Как по мановению волшебной палочки, на прилавках магазинов и киосков появились майки, куртки и кепки с цветными репродукциями Каца, большие и маленькие постеры, блокноты и записные книжки, брелки, зажигалки и прочая дребедень, из которой, по существу, и складывается окружающая нас мозаичная картина жизни. С рекламных щитов на прохожих глядел автопортрет художника – иронично и чуть насмешливо. Некоторые знатоки культуры находили в нем сходство со знаменитой фотографией Брехта. Ползли слухи, что в ноябре Кац будет непременно выставлен на лондонском аукционе и произведет там фурор. Предприимчивые люди открывали тотализаторы: каждый желающий мог попытаться отгадать, на какой сумме опустится молоток аукциониста. Плодотворная идея тотализатора, по сообщению берлинской русскоязычной газеты, пришла в голову некоему бывшему спортсмену, а ныне владельцу сувенирного магазинчика, русскому эмигранту с еврейской душой. Блестящая мысль посетила коммерсанта, когда он лежал в коме в результате попытки самоубийства, предпринятого на почве какой-то неудачной коммерческой операции. Мысль, внушенная свыше, настигла несчастного в тоннеле, ведущем в иной мир, и живо подняла на ноги; перед вернувшимся к жизни возникли хорошие деловые перспективы.

Знакомство Стефа с Мирославом хоть и не переросло в неразрывную дружбу, но и к ссоре не привело.
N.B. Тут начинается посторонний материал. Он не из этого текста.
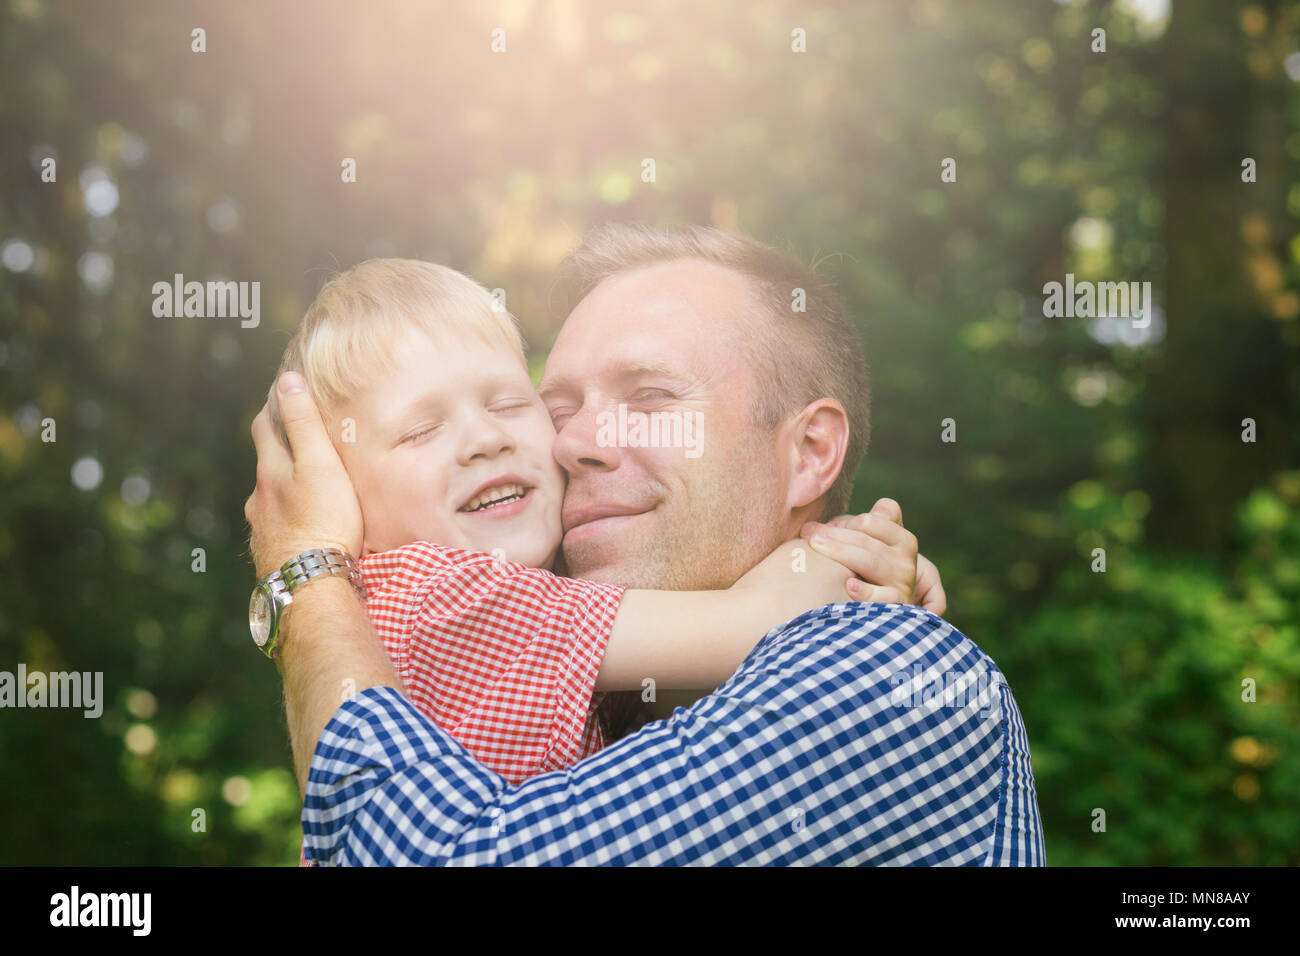 Father and son hugging and smiling in the garden. Masculinity concept. Stock Photo
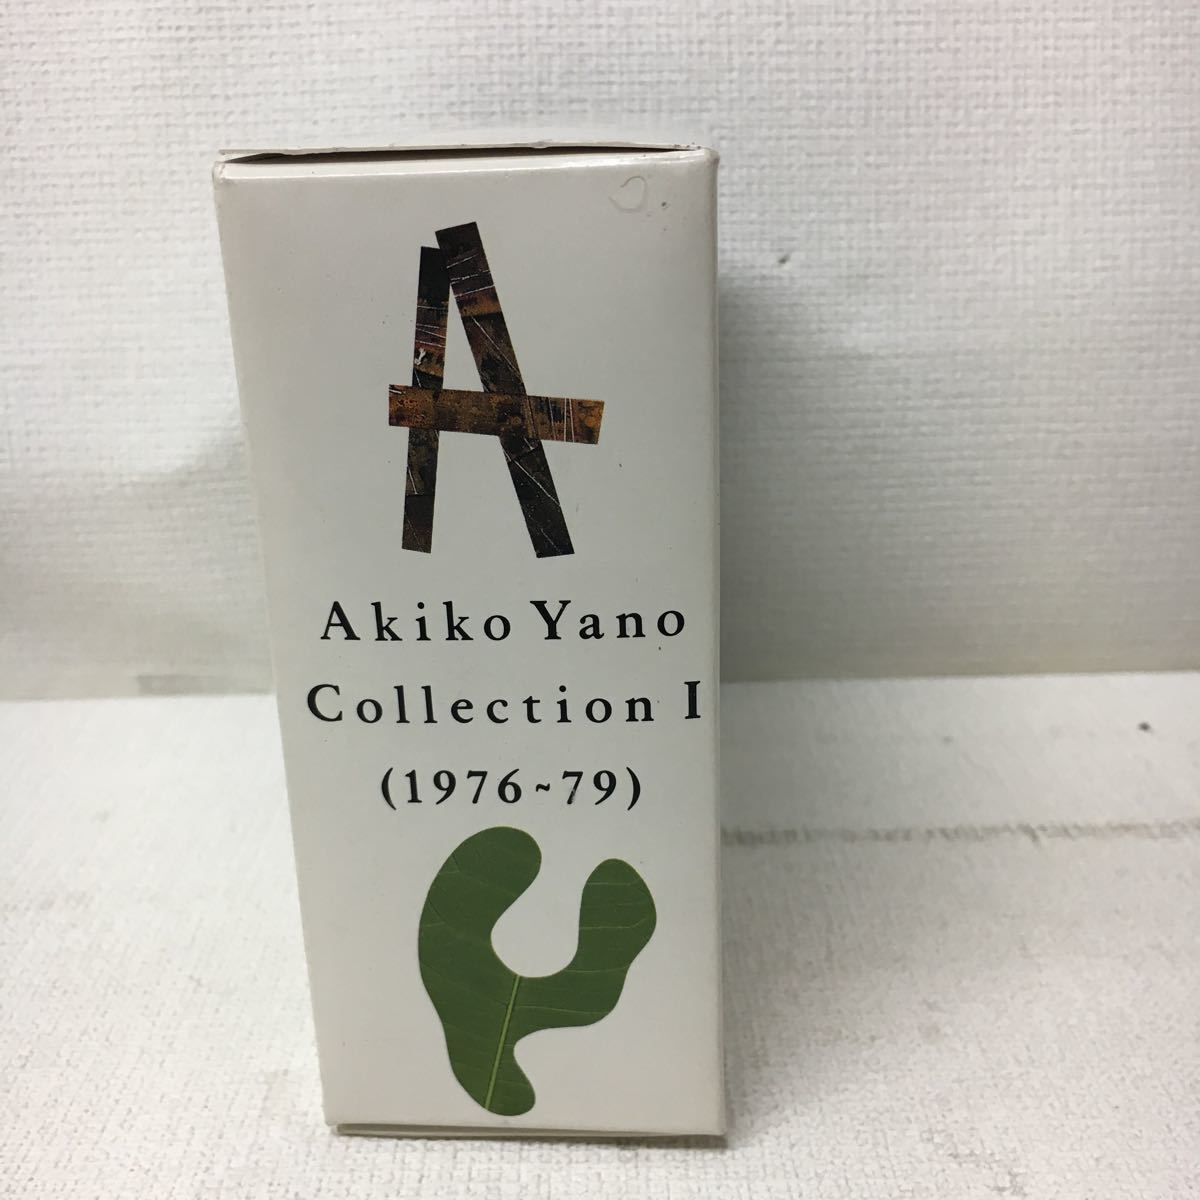 I0225A3 矢野顕子 Akiko Yano Collection Ⅰ 1976〜79 CD 5枚組 音楽 邦楽 JAPANESE GIRL /  長月 神無月 / いろはにこんへいとう 他 product details | Yahoo! Auctions Japan proxy bidding  and shopping service | FROM

Объединяться для дальнейших поисков они не собирались, каждый ревниво хранил за подкладкой кошелька свои секреты: где искать великого родственника, в каких дебрях, сияя своими изумрудными глазами, он укрывается. Они оба с нарастающим напряжением ждали аукциона, как будто не Кац там будет выставлен на публичные лондонские торги, а их собственная оборотистость и смекалка: “Кто больше – раз? Кто больше – два? Кто больше – три!”

В Лондон уехали две картины: кизиловая “Черная обнаженная на высоком мосту” и “Дама с бабочками и рыбами”, зелено-золотая. После затяжного совещания Магда с Ронсаком остановились на начальной цене: шестьсот тысяч долларов. Лондонец, заведующий департаментом русского искусства, только открывал и закрывал рот, но ни единого слова в разговор так и не вставил: с этими русскими все возможно, да и картины из собраний “Белого Круга” никогда не оцениваются ниже полумиллиона долларов – это факт, это беспроигрышный коммерческий прием Магды Рутенберг. Купить у Магды – значит, выложить полмиллиона. Ни центом меньше. “Белый Круг” с дешевыми художниками не работает, его клиенты – серьезные люди. Картина, купленная у Магды, укрепляет деловую репутацию покупателя, и уже за одно это стоит платить. И совершенно неважно, что изображено на картине: канализационная труба, точка с запятой или черная красавица на мосту. Так устроен этот мир – осыпанный блестками, молодой и несправедливый.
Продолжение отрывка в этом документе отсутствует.